Jesus takes a moment, then begins to count off the turtles: “One, two, three, four ...” he says, pausing a little sheepishly. “... six.”

“You always say six,” Rhoades says, laughing and reaching out to tickle Jesus, who rolls over onto the floor and laughs at himself.

Rhoades is helping Brian and Jesus learn counting as part of a South Rowan FFA program in which high schoolers tutor China Grove Elementary students who don’t natively speak English.

The program recently earned one of its founders, South Rowan senior Jessica Skinner, the FFA’s national H.O. Sargent scholarship for diversity.

Tara Runion, the program’s co-founder, won the H.O. Sargent scholarship last year at the state level.

Skinner said the idea formed when students noticed communication barriers at their own school as the non-English-speaking population increased.

“There were a lot of students beginning to enroll with diverse backgrounds,” she said. “We weren’t able to communicate with each other, and it was causing problems.”

The South Rowan students already participated in PALS, a program aimed at teaching first-graders about agriculture. Language barriers made it difficult for many to complete classroom and homework assignments.

The high school students figured if they could help the children overcome those barriers early, the children, their teachers and peers would benefit later.

That’s also the idea behind the Rowan-Salisbury school system’s English for Students of Other Languages program.

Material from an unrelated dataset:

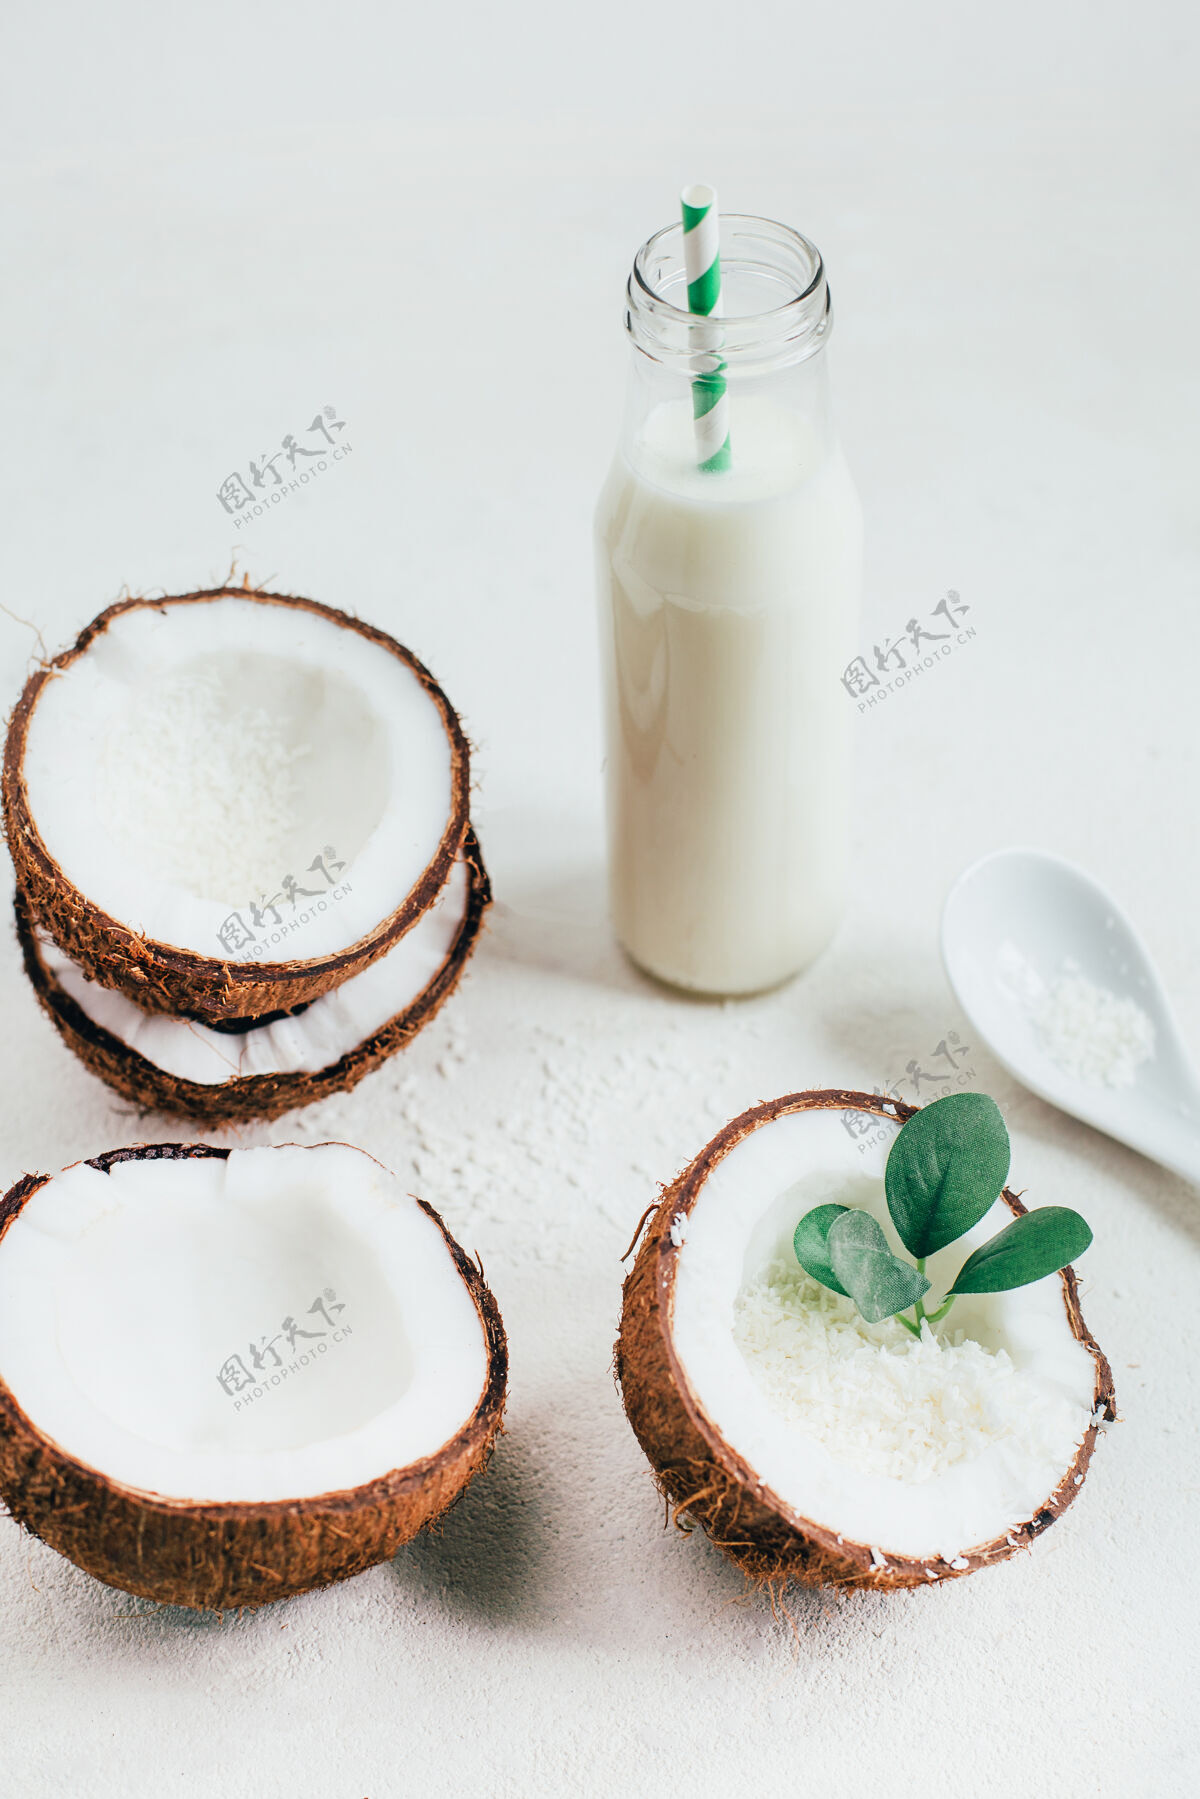 稻草椰子和椰子奶装在一个白色背景的瓶子里饮料叶子桌子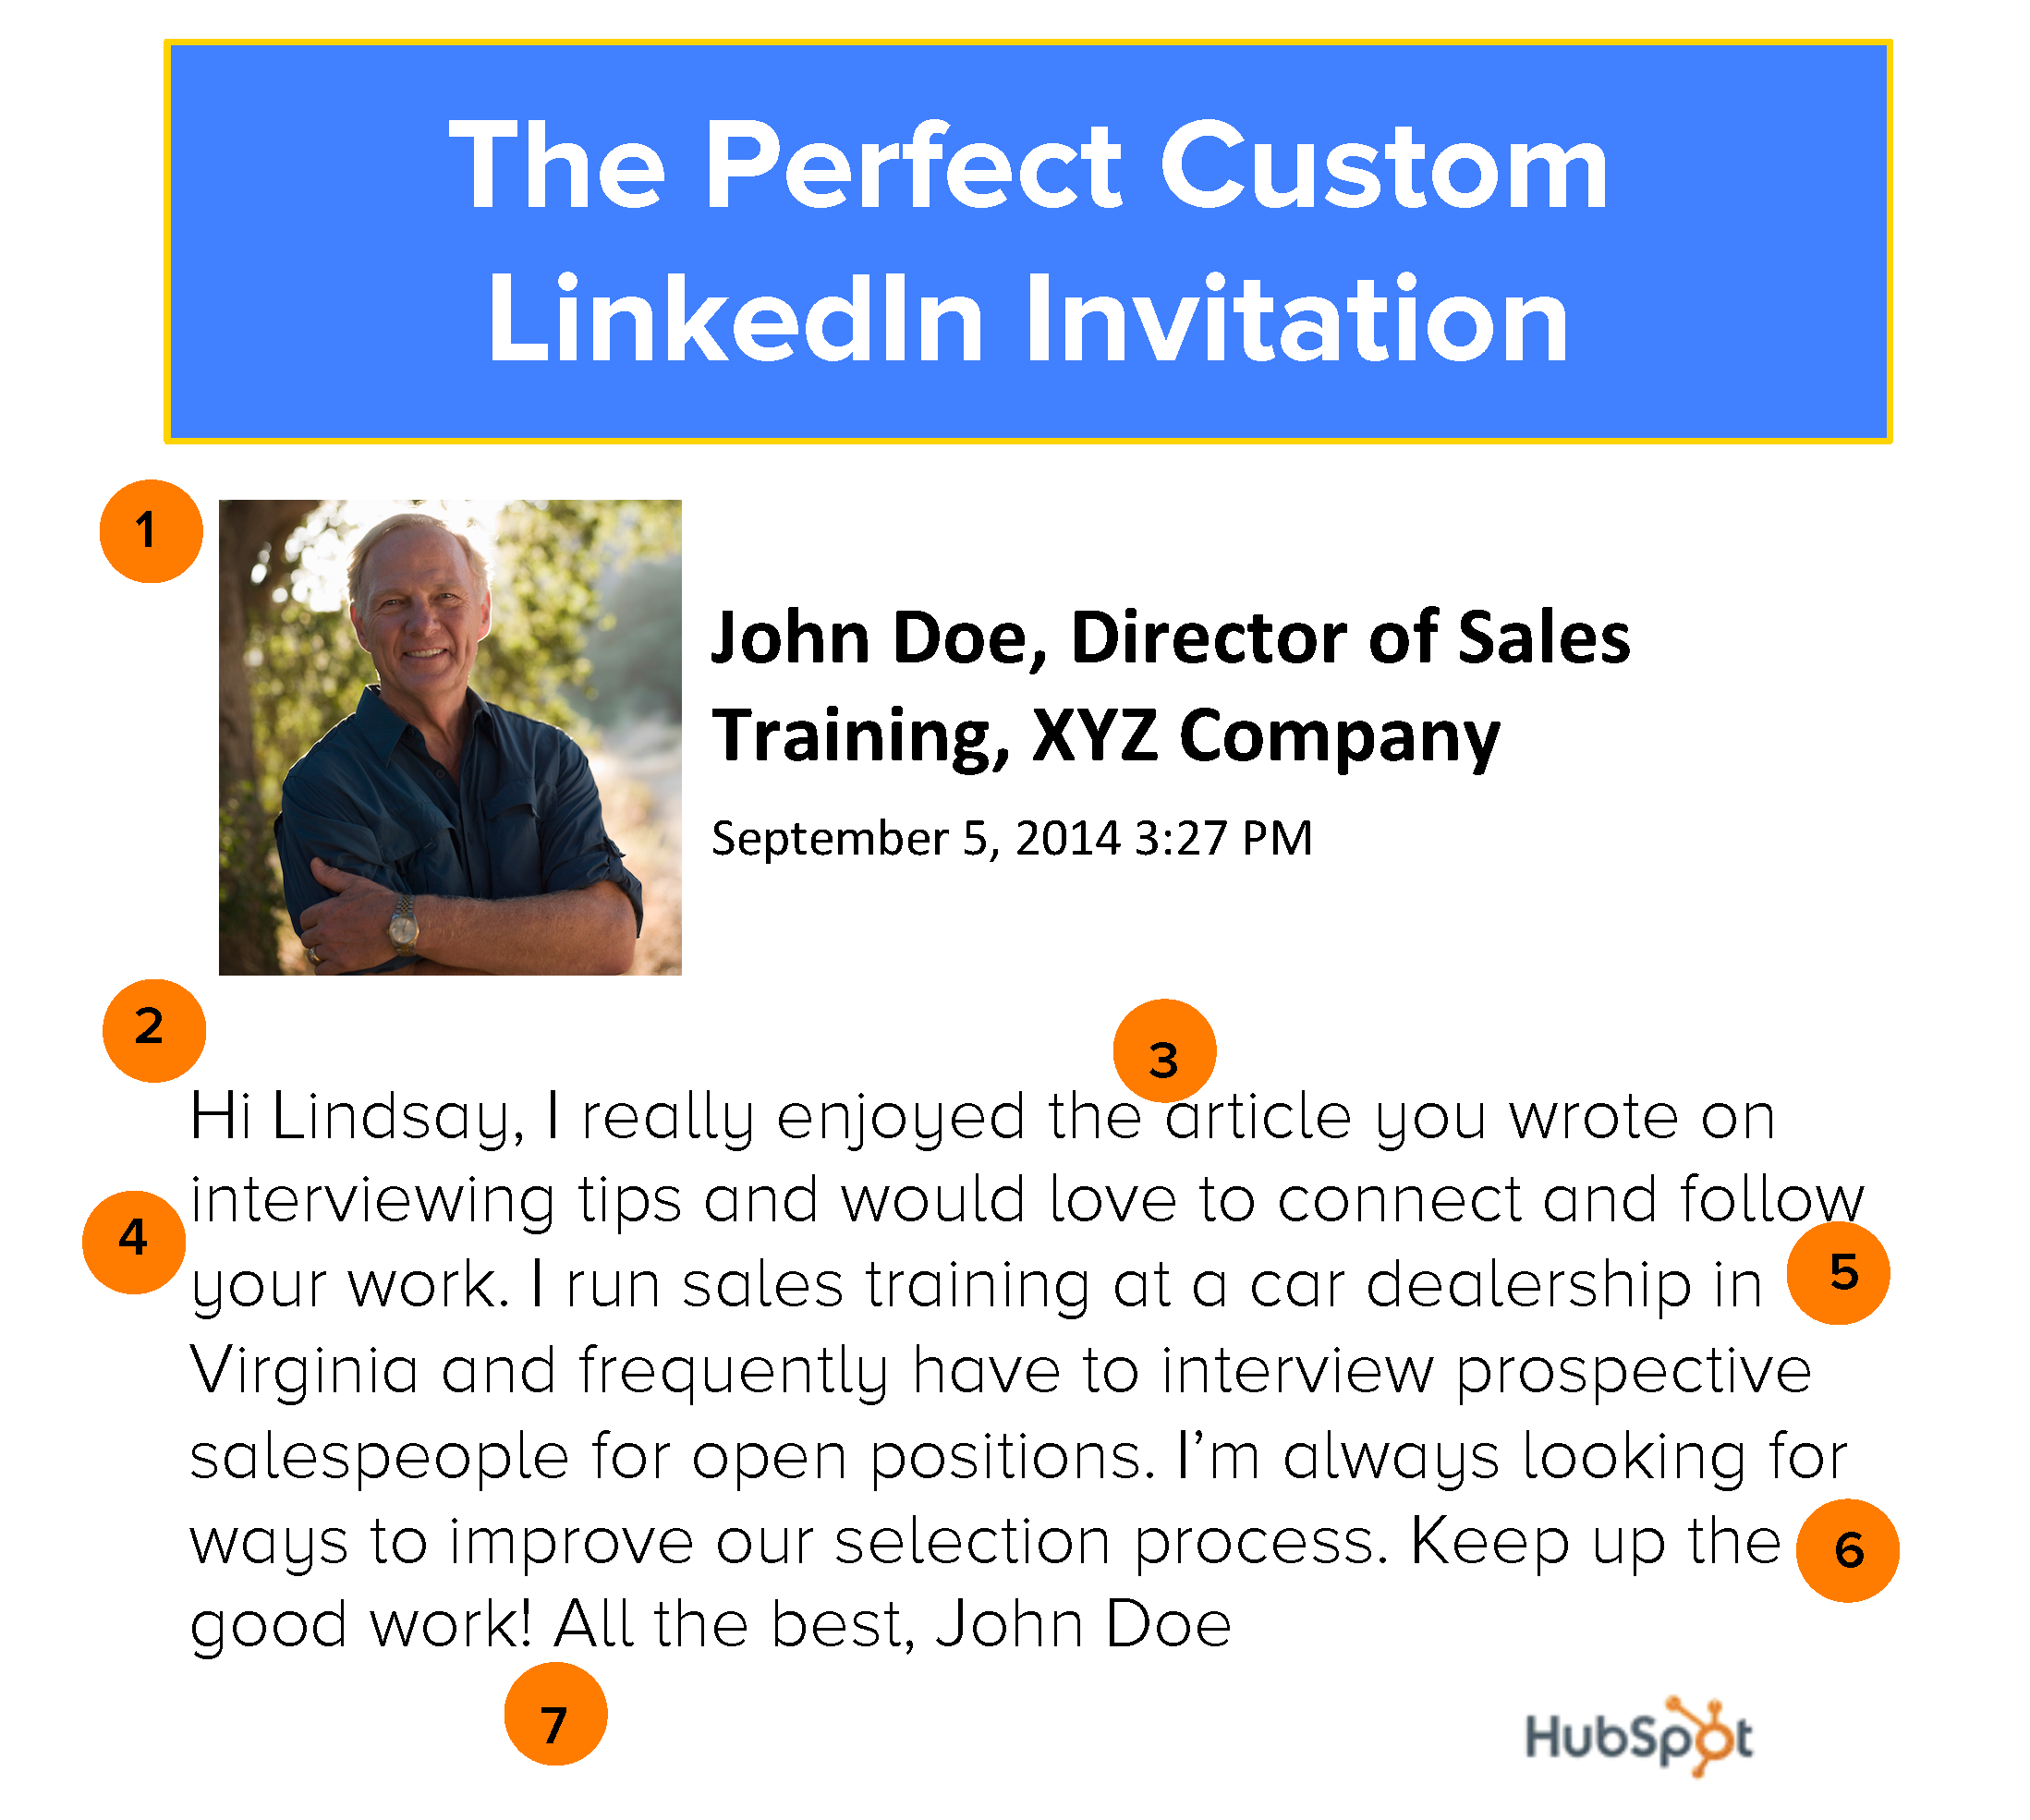 Tips om een effectieve LinkedIn uitnodiging te schrijven

Rosemary Leech and Ellen Huffman teach in the program at China Grove Elementary.

The two teach students from every grade at the school in all subjects, pulling them from regular classes to strengthen their English skills, or to begin developing those skills.

“I’ve got a first-grader who just recently came who didn’t speak a word of English,” Huff said. “It’s basically like taking a newborn through the language process in a much shorter period of time.”

And though many Hispanics are moving to this area, Spanish is not the only language they help children make the transition from to English.

“At first, I thought they all would be Spanish and I would need to teach my students Spanish,” said David Cress, an FFA instructor at South Rowan. “But when we got there, we quickly learned there are lots of other nationalities who need our help as well.”

Thirteen languages are spoken at the school, including Portuguese, Ukwuani, Tagalog and Bosnian.

Some children have come with parents seeking good jobs. Some are sponsored by churches. And some, says Leech, are refugees from war-torn countries like Bosnia.

“They’re very eager to learn, and their parents want them to learn,” Leech said. “But I’ve found them to be shyer than the others.”

The teachers set aside time to help students with specific needs, such as homework assignments, but most teaching is done in groups, Leech said.

The South Rowan students — 28 this year, tutoring 34 children — help by giving them more intensive, often one-on-one, instruction.

“It gives them a chance to open up more,” Huff said. “They’re very intimidated in a large class.”

And the children look forward to the time spent with their high-school tutors, with whom they often forge personal bonds, she said. But it wasn’t always that way.

“It took awhile to get them to realize we were there to help them,” Skinner said. “But once trust was built, it became easier for them to accept us.”

Now, the children get excited on Tuesday afternoons, when the tutors are scheduled to come. When Skinner walked into the library one recent Tuesday, Jammie Southammavons ran to hug her.

Jammie, a kindergarten student whose parents are from Thailand and Laos, speaks English well but has difficulty comprehending, Leech said.

Skinner helps with shapes and colors, holding up cards and letting Jammie identify a splash of “blue” and a pink “heart.”

Each child has different needs, Leech said. And each child’s teacher decides how the tutor will help.

That could mean identifying shapes, naming the colors of balls used to make Christmas ornaments or even counting wooly white sheep.

But the best benefit, for the tutor and the student, Leech and Skinner agree, is the person on the other side of the flashcards.